___ Entries shown
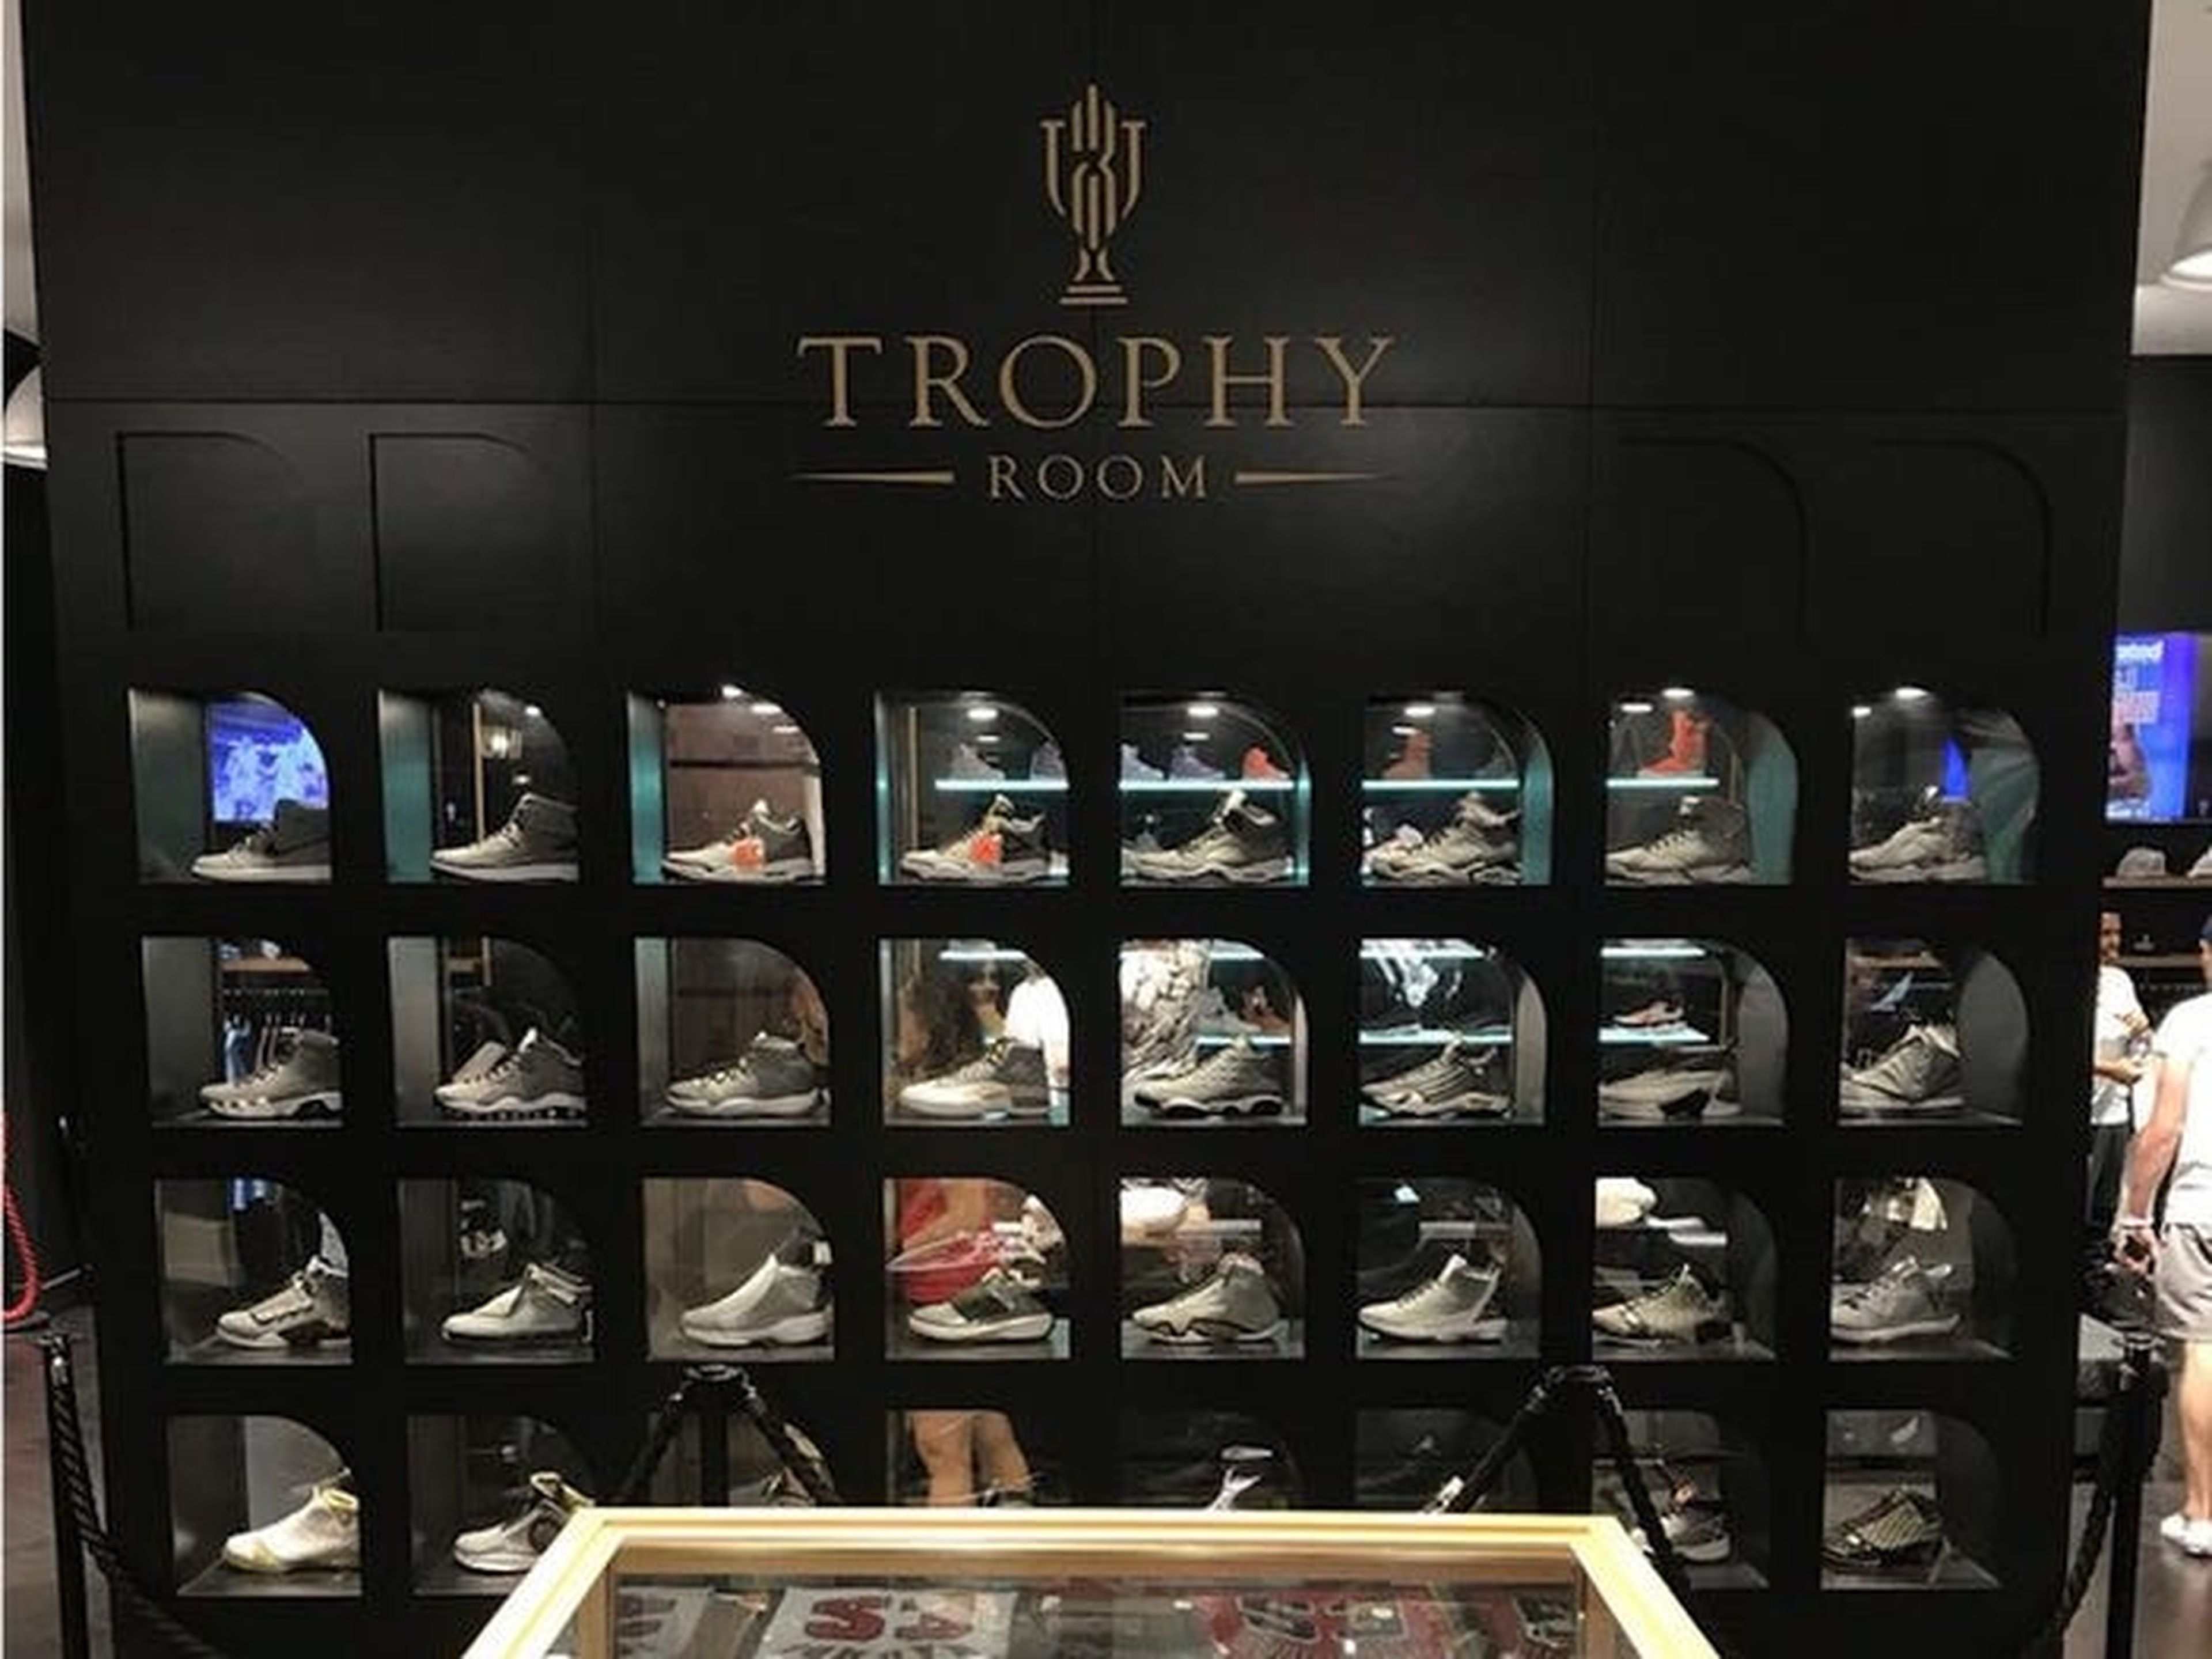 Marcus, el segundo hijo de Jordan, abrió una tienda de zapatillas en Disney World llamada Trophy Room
______
___ Entries shown
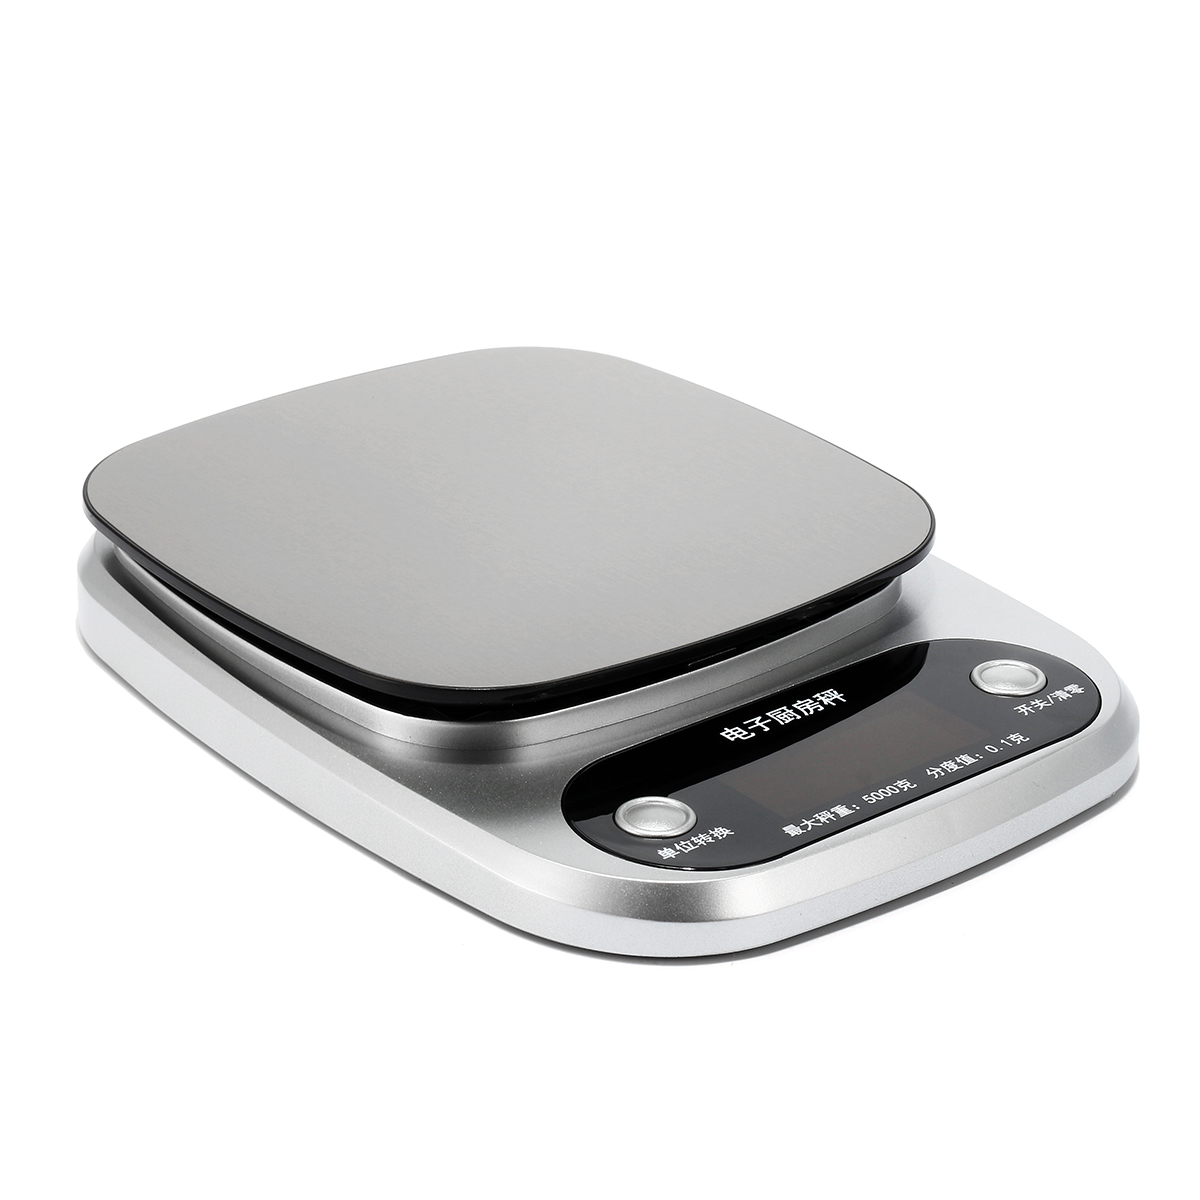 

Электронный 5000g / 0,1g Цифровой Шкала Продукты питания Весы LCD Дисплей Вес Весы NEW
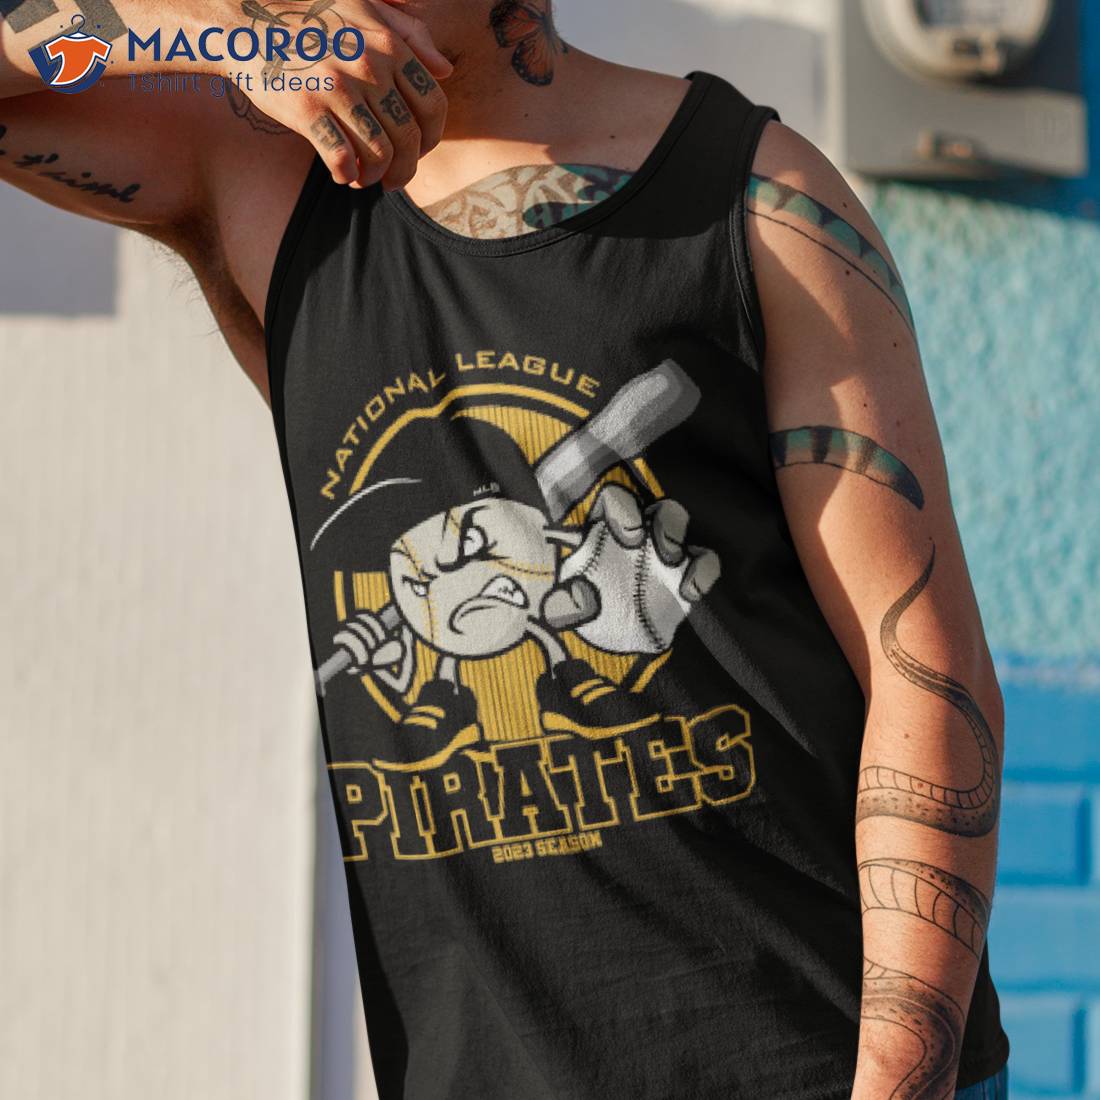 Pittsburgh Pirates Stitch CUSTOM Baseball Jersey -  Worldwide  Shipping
______
___ Entries shown
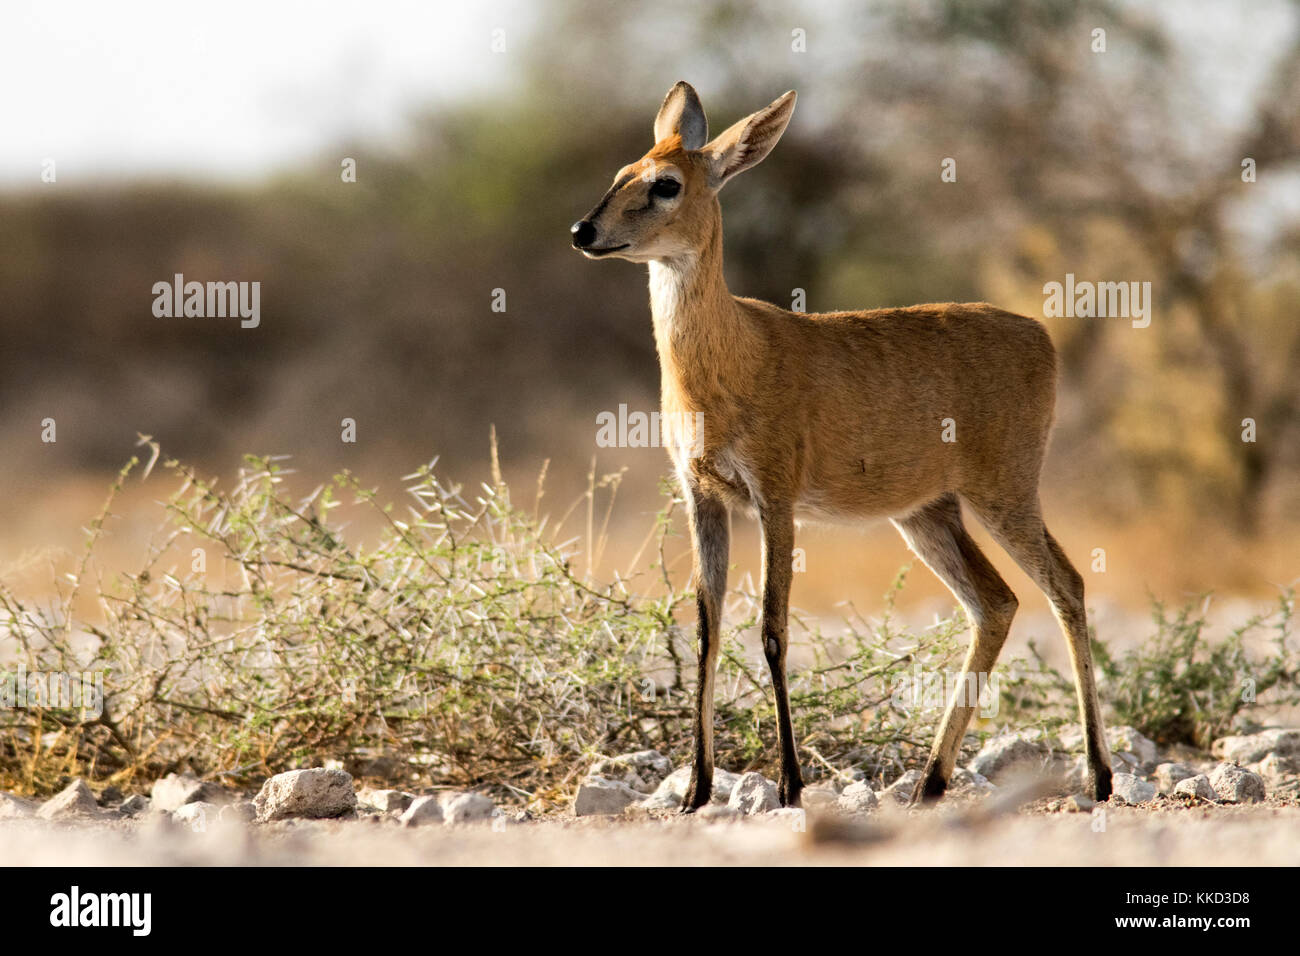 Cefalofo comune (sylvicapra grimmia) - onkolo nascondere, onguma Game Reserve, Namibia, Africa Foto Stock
______
▶ **What to produce**
Using the data above, output the line that has "Электронный 5000g /", the line that has "Pittsburgh Pirates Stitch", and whatever lines fall between, each exactly as it stands and without pictures.

▶ **Solution below**
Электронный 5000g / 0,1g Цифровой Шкала Продукты питания Весы LCD Дисплей Вес Весы NEW
 Pittsburgh Pirates Stitch CUSTOM Baseball Jersey -  Worldwide  Shipping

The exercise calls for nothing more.